I hung around the parking lot for a while.  My left thigh was a knot of pain and my right index finger was sore and stiff making it difficult to remove my helmet, fill up my water bottle, and really do much of anything.  I sprayed off my bike again and cleaned the chain.  I dropped down onto the course near the parking lot and took a few pics of racers coming through Ryan’s Gulch.
Ryan's Gulch where Harry broke himeself

A piece of Harry?
 


Gilfy acting as racer, pit crew, and entertainment all in one
Yes, those are 26+ tires
Then Tomahawk saw me. 
“Uh oh!” he said.
“Nah, I’m good.”
By then the shock had subsided, and other than a shallow puddle of nausea in my belly I was better.  I just didn’t know how my leg was going to hold up on the trail.  I figured the only way to know was to give it a shot. 

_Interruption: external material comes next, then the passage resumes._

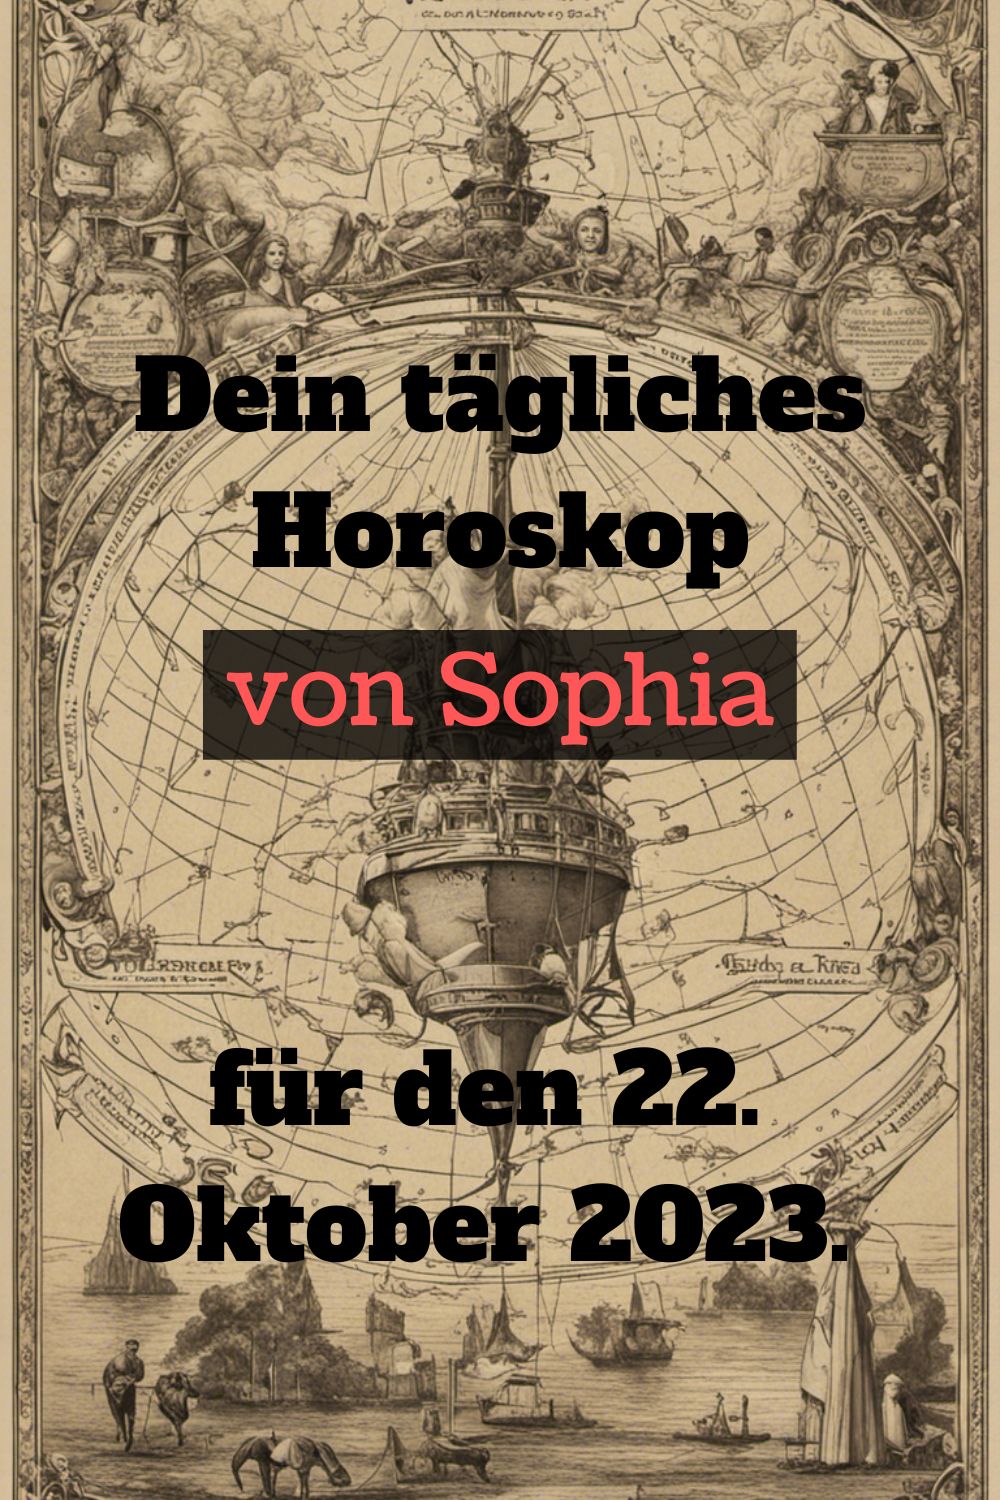 Dein-taegliches-Horoskop-von-Sophia-fuer-den-22.-Oktober-2023

I picked up the course where I had bailed and basically had the trail to myself again.  The first hill felt fine.  The next hill felt good.  I decided I’d finish the loop.  I knew Mandy was on her way with lunch, and if I could muster through then maybe some real food would perk me up for a few more laps afterward.  The remaining eight miles of the second lap went down without incident. 
My SAG crew arrived and I ate.  Jeaph had rolled in just before I got off the trail so we sat and visited with him.  He had already ridden a few laps and looked beat.  He said he had crashed pretty hard five times.  In fact, he had broken a wooden bridge on one crash. But he said if I wanted to go back out he’d ride a lap with me.
I didn’t want to go home with only two mediocre laps under my bibs.  I needed to tick a few more miles.  At least another lap.  Thirty miles would be pretty respectable for me in my flab-ulous state.
After a good rest Jeaphre and I headed back out on the trail.
I crashed about a quarter of a mile before the spot where I crashed on the second lap.  Knocked the wind out of me despite being a fairly slow speed wreck.  Hit the same part of my left thigh.  Right index finger seemed no worse for wear, though it’s swollen up like a ripe sausage today.
I have stubby fingers, but this isn't normal
We continued on and I worked through the stiffness and lassitude I felt.  It was definitely a benefit having someone else to ride with and talk to.  That made the lap a lot more enjoyable.  Initially I had planned on two additional laps, but after the second crash, a slog up the Green Monster (archives climb), and waning energy I decided to call it at three laps.  Jeaph agreed.
This year was my first time doing the 12 Hours of Capitol View race.  I’ve wanted to do it for some time now, and am stoked to finally have gotten to do it.  But I’m sore and feel a bit beaten down today.  That’s okay, my knees and back feel really good which is more than I could have said after the last dozen or so such events I’ve done.  If I can just keep from crashing…
Something else that I want to share.  While I was out on my ill-fated second lap I began thinking that all the brain damage I spend on trying to find my niche and my community of like minded individuals is moot.  The local mountain biking community, no matter how dysfunctional, is where most of my friends are.  There were a lot of people I know and like a lot that were at the race on Sunday.  That's my community.  That's my niche.